The bank has set up a web page to keep affected customers informed

Bank of New York loses 12.5 million customer details

Possibly the largest data breach this year, bank admits

vnunet.com, 29 Aug 2008

The Bank of New York Mellon (BNY Mellon) has admitted that the number of its customers hit by a data breach was much larger than previously stated.

The bank informed customers in May that 4.5 million customer account details, including names, addresses, dates of birth and Social Security numbers, had been compromised after two sets of tape backups went missing from a third-party courier.

However, it has now increased that figure to 12.5 million, possibly making this the biggest data breach of the year.

“It is simply outrageous that this mountain of information was not better protected, and it is equally outrageous that we are hearing about a possible six million additional individuals and businesses six months later,” said the Connecticut governor Jodi Rell.

“We fear a substantial number Connecticut residents are among this latest group. Had the hundreds of thousands of Connecticut residents affected been notified immediately that their data had been compromised, they could have taken steps to protect themselves.”

She added that she was considering levying financial penalties over the breach and instructing it to make financial restitution to customers. Her consumer protection commissioner Jerry Farrell Jr is investigating the case.

"Nothing in the data we were given in May and June by BNY Mellon indicated in any way that these additional six million individuals and businesses were involved," said Farrell.

“This certainly raises serious additional questions about how secure personal identifying data is at BNY Mellon and widens the scope of our investigation.”

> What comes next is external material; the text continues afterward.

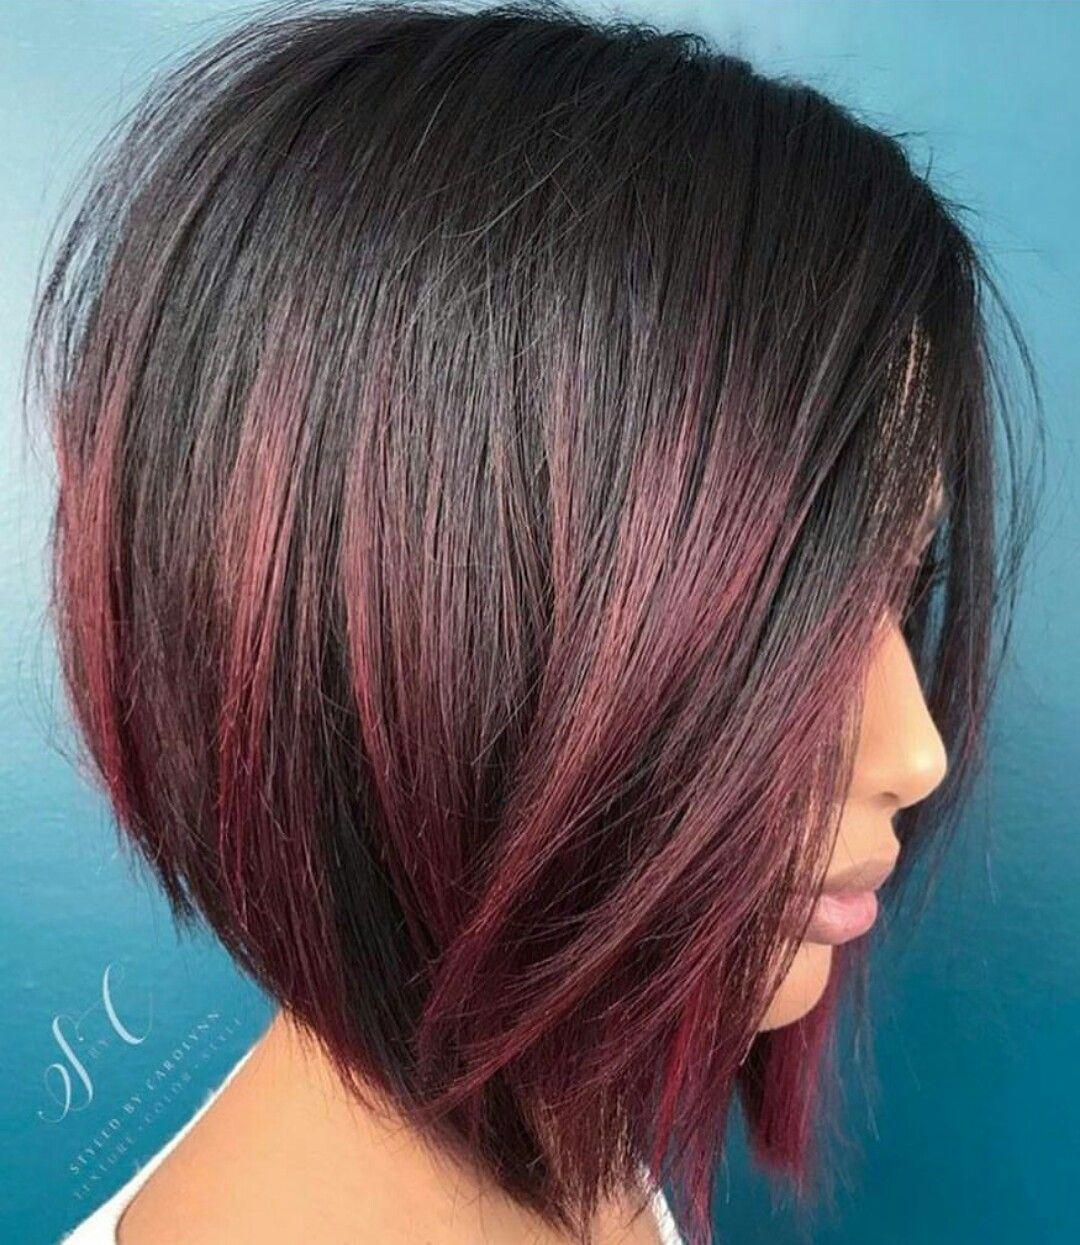 Pin by kenzie de rademaeker on haar pinterest haircuts hair
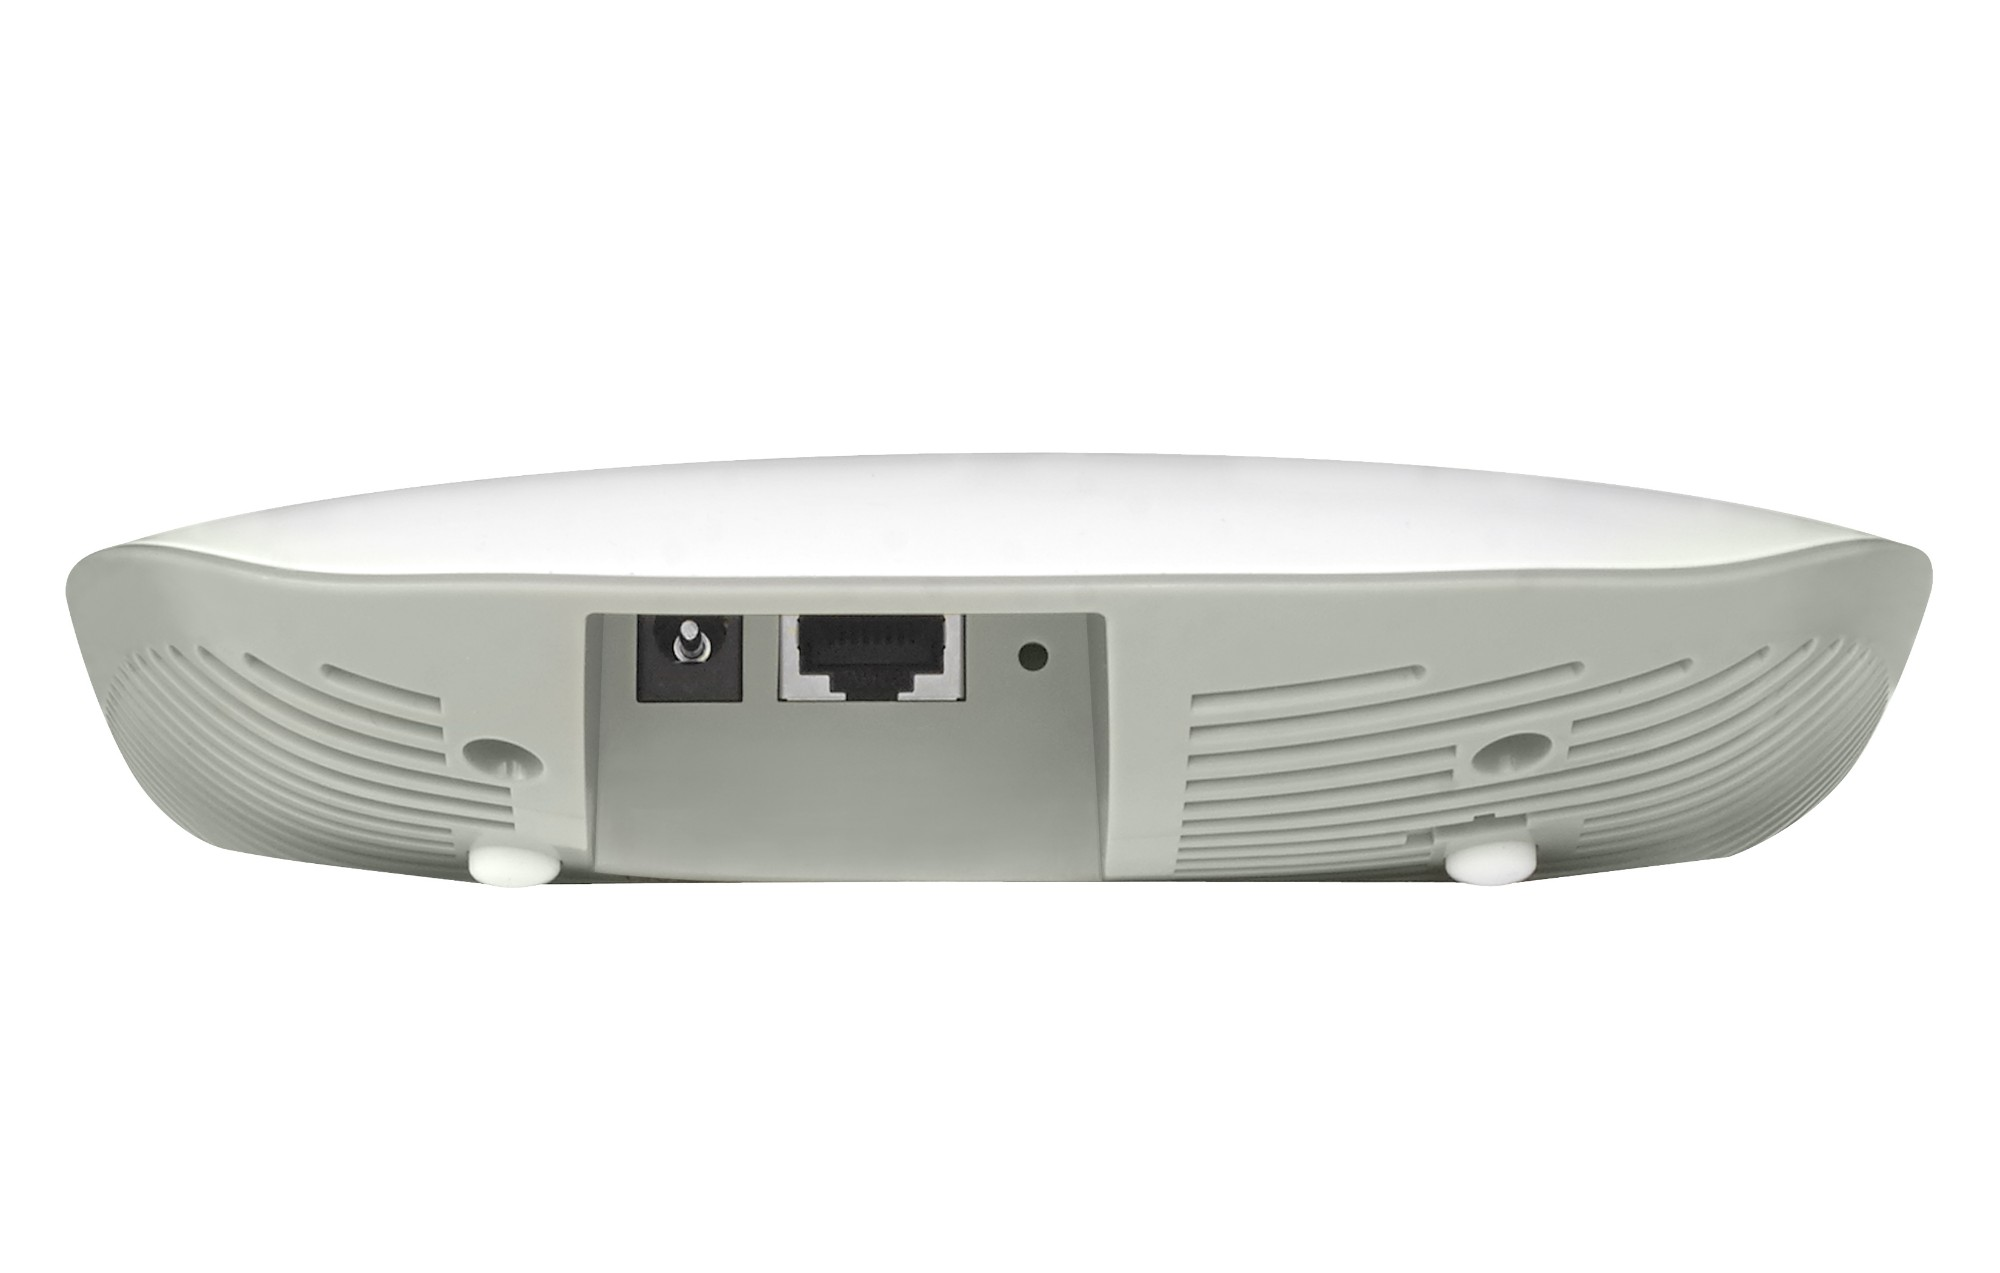 Netgear WAC505 1200Mbit/s Power over Ethernet (PoE) White WLAN ...

Bank of New York Mellon is the world's largest custodial bank and one of the 10 largest asset managers. It is notifying customers about the breach, but says there is no evidence that the data has been abused.

The bank has set up a web page to keep people informed and is offering two years of free credit monitoring, $25,000 worth of identity theft insurance, reimbursement for the cost of one placement and one removal of a credit freeze for each of the three national credit reporting bureaus to customers affected.